Keep the lines exact and the pictures out as you repeat the following listing.

• _INFORMATION SHOWN_:

================================

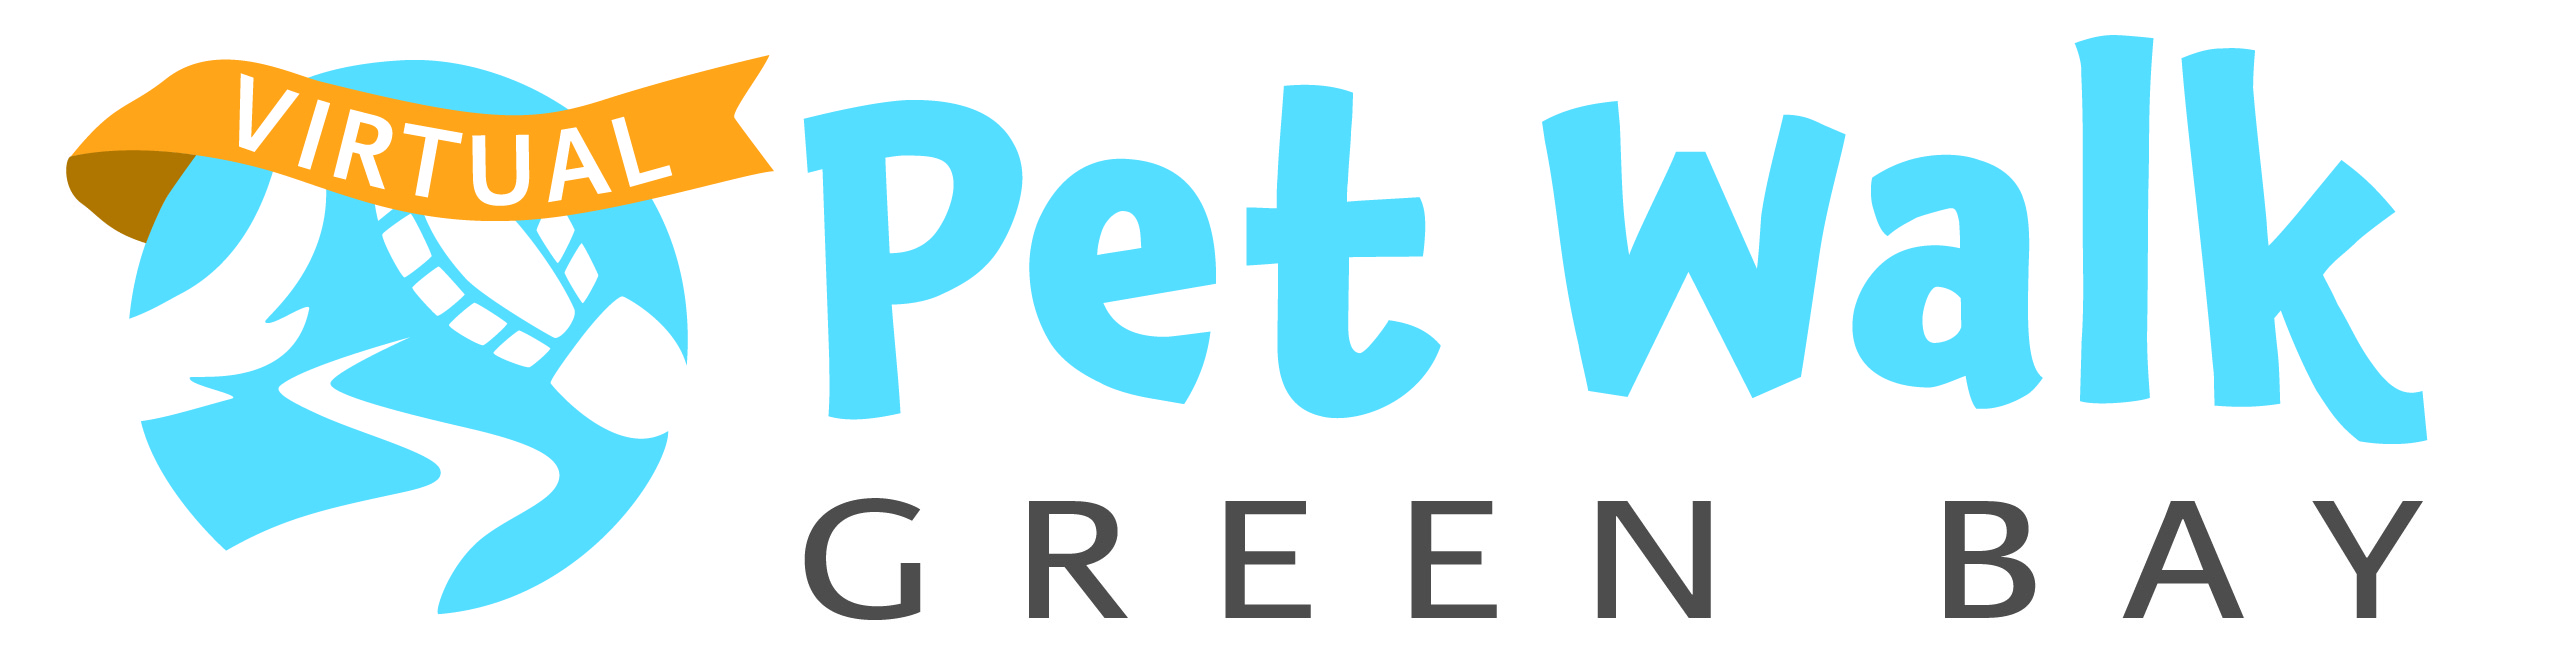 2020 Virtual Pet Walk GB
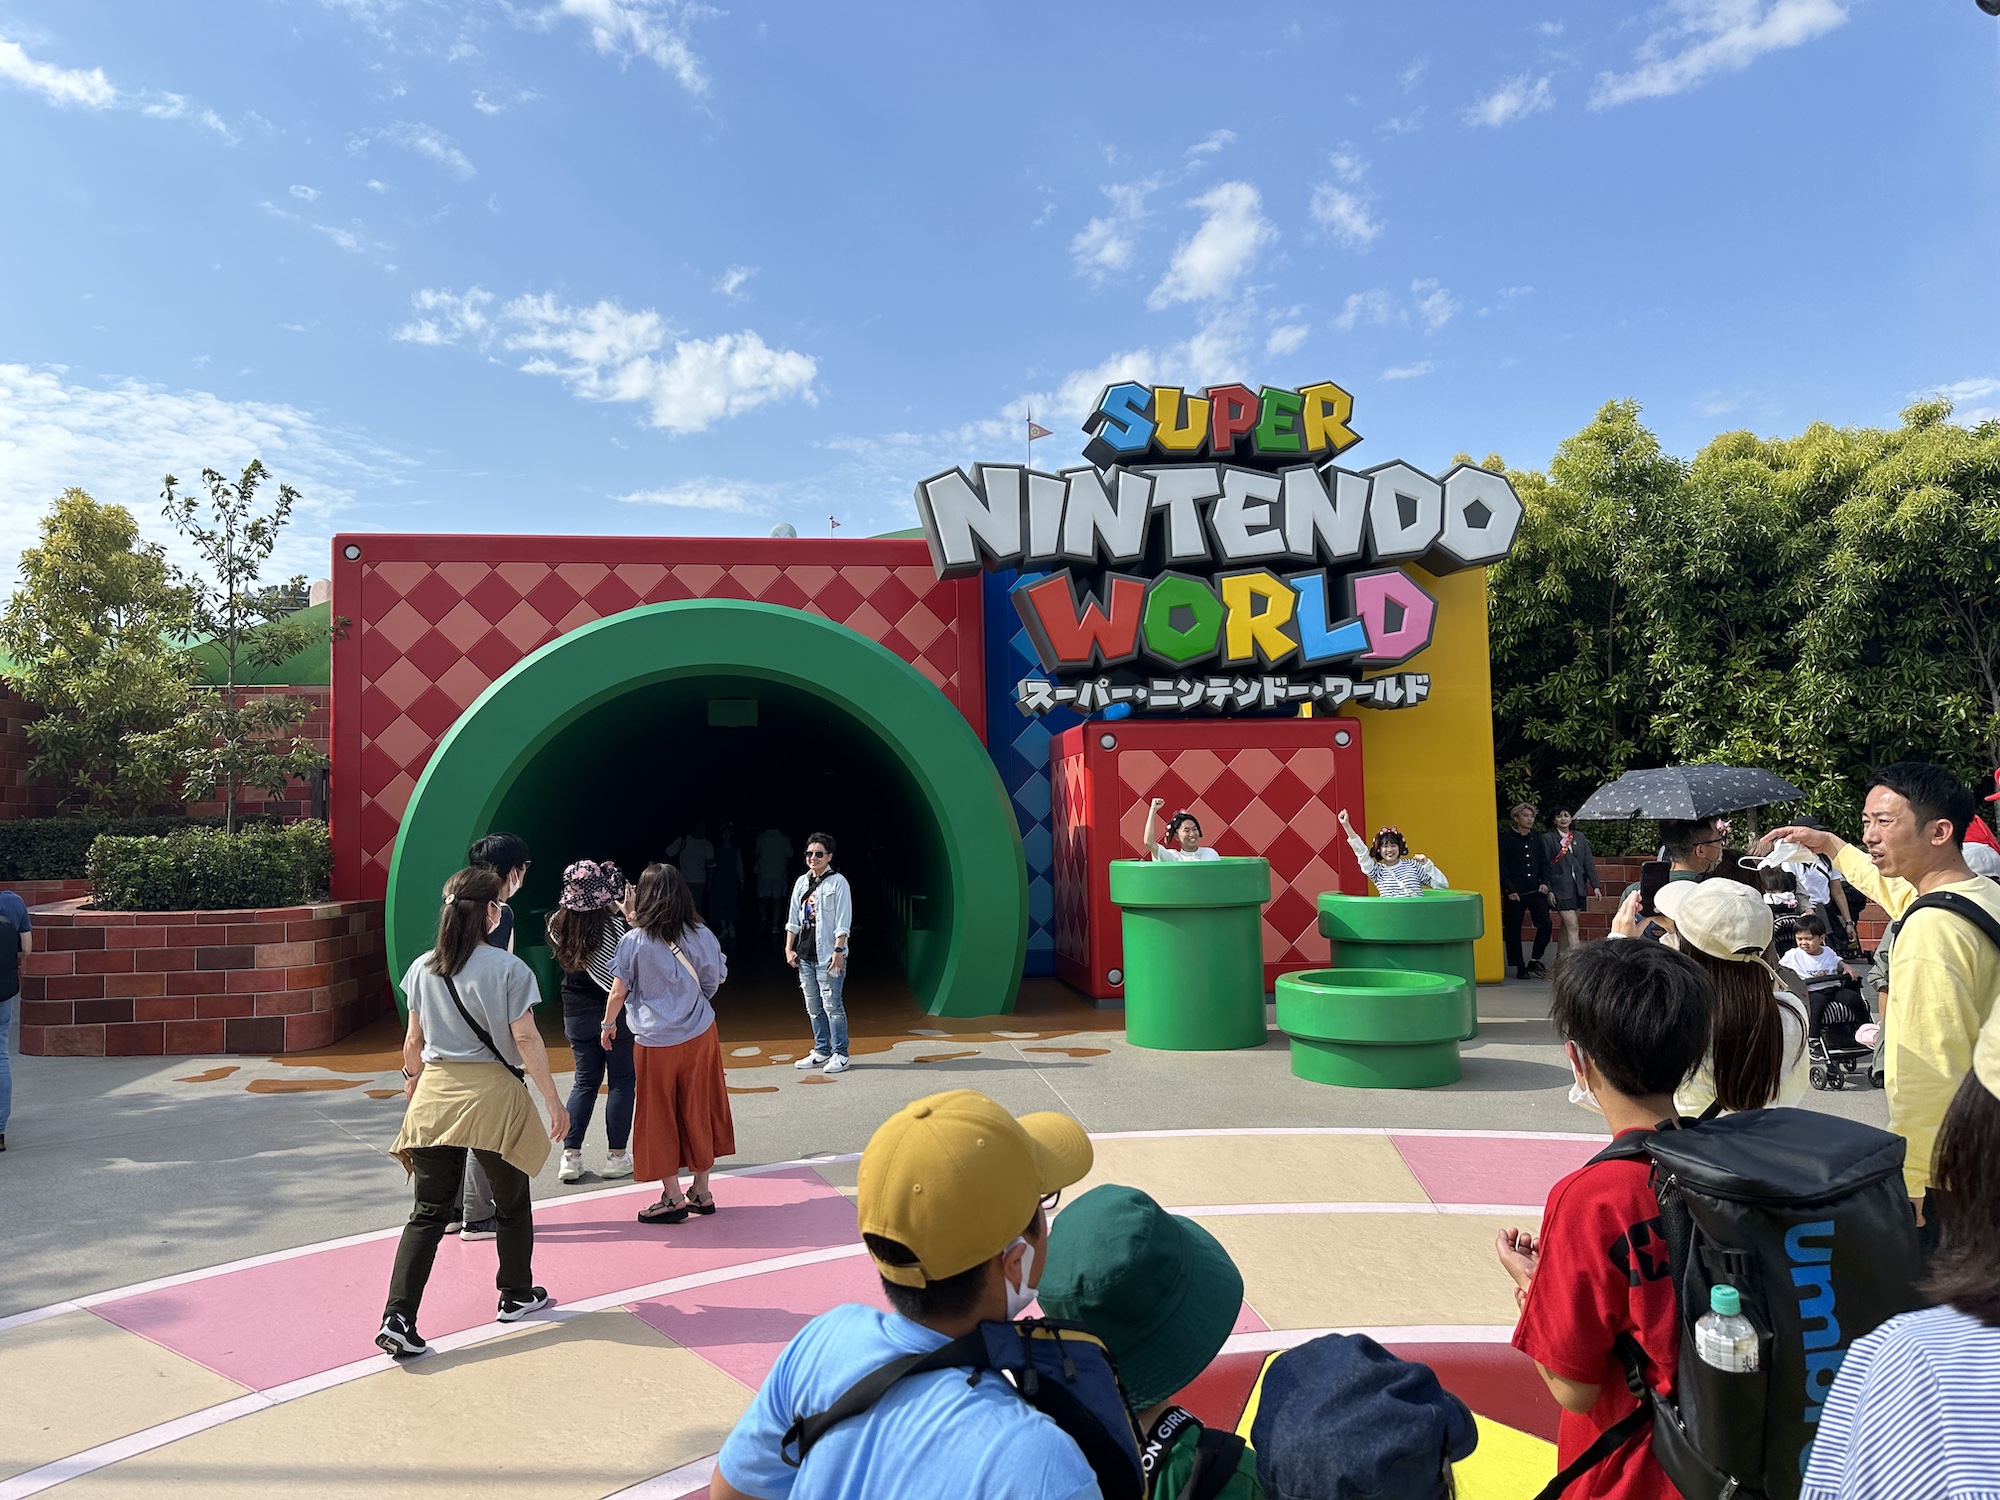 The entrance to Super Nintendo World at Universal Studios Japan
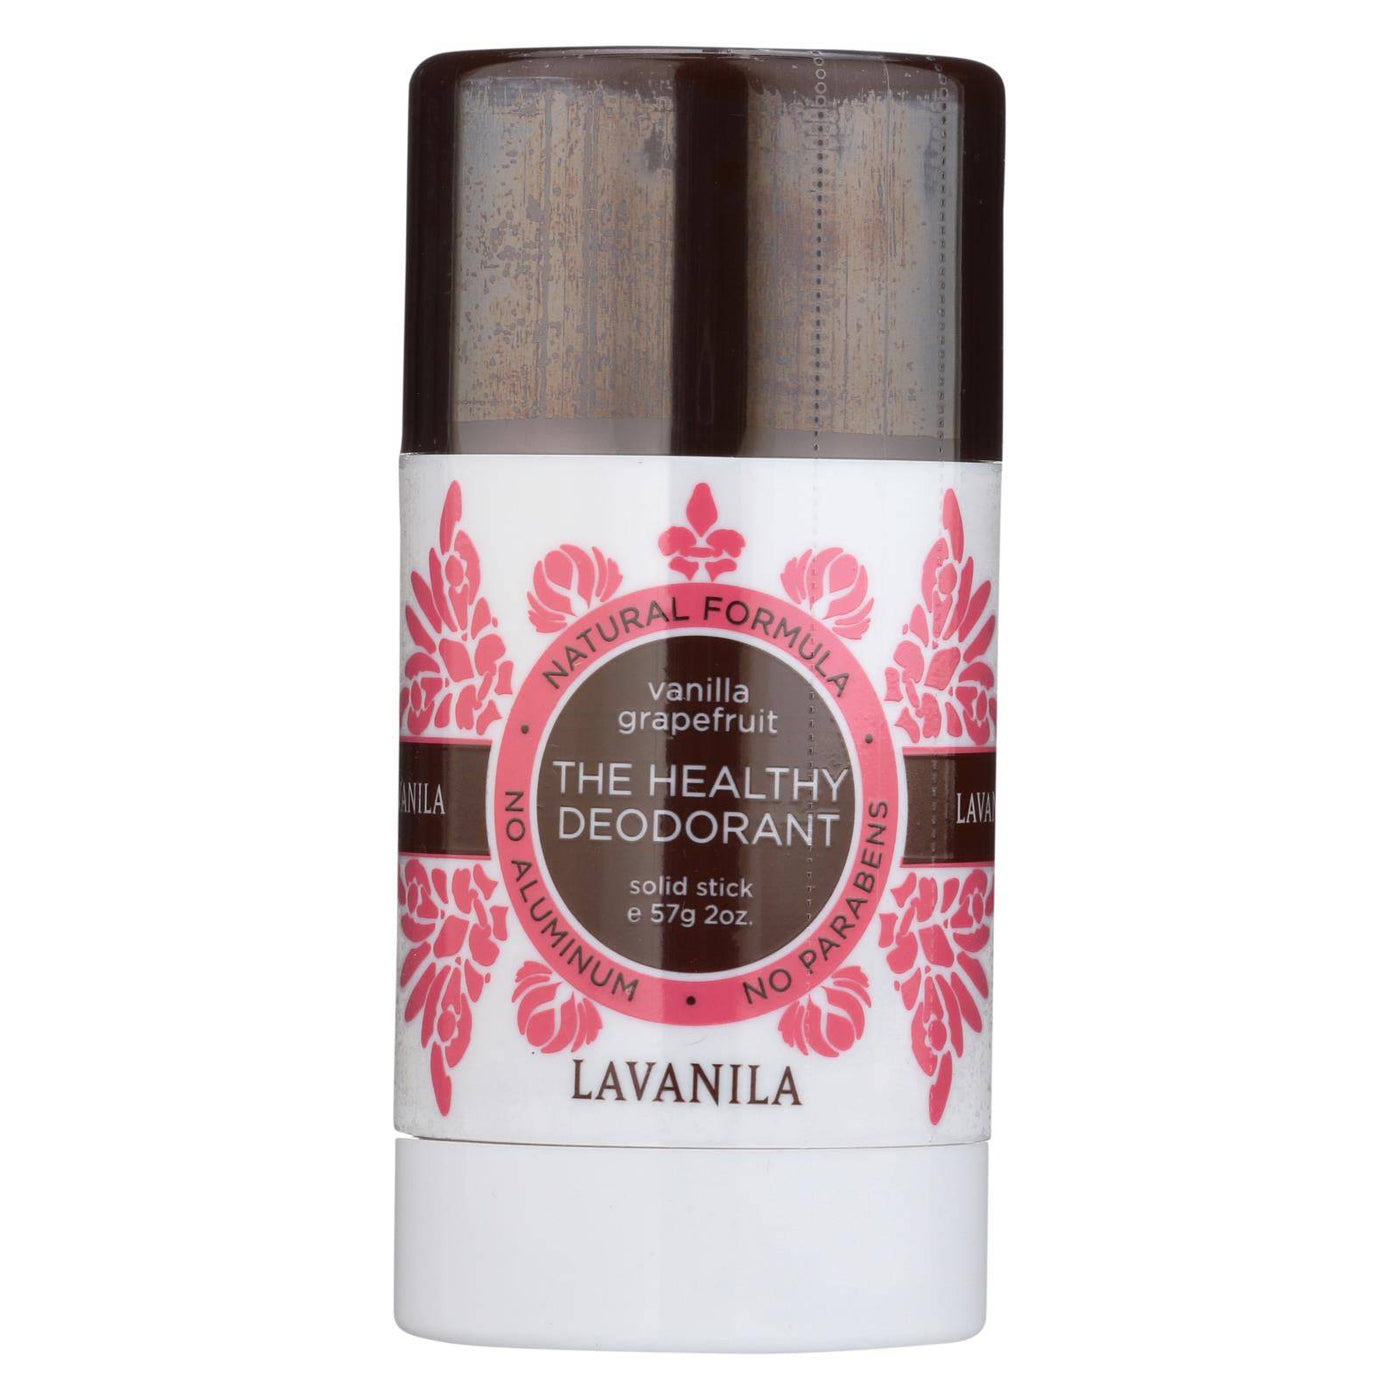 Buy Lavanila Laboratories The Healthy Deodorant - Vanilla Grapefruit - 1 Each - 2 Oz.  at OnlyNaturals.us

================================

• _TASK ANSWER_:
 2020 Virtual Pet Walk GB
 The entrance to Super Nintendo World at Universal Studios Japan
 Buy Lavanila Laboratories The Healthy Deodorant - Vanilla Grapefruit - 1 Each - 2 Oz.  at OnlyNaturals.us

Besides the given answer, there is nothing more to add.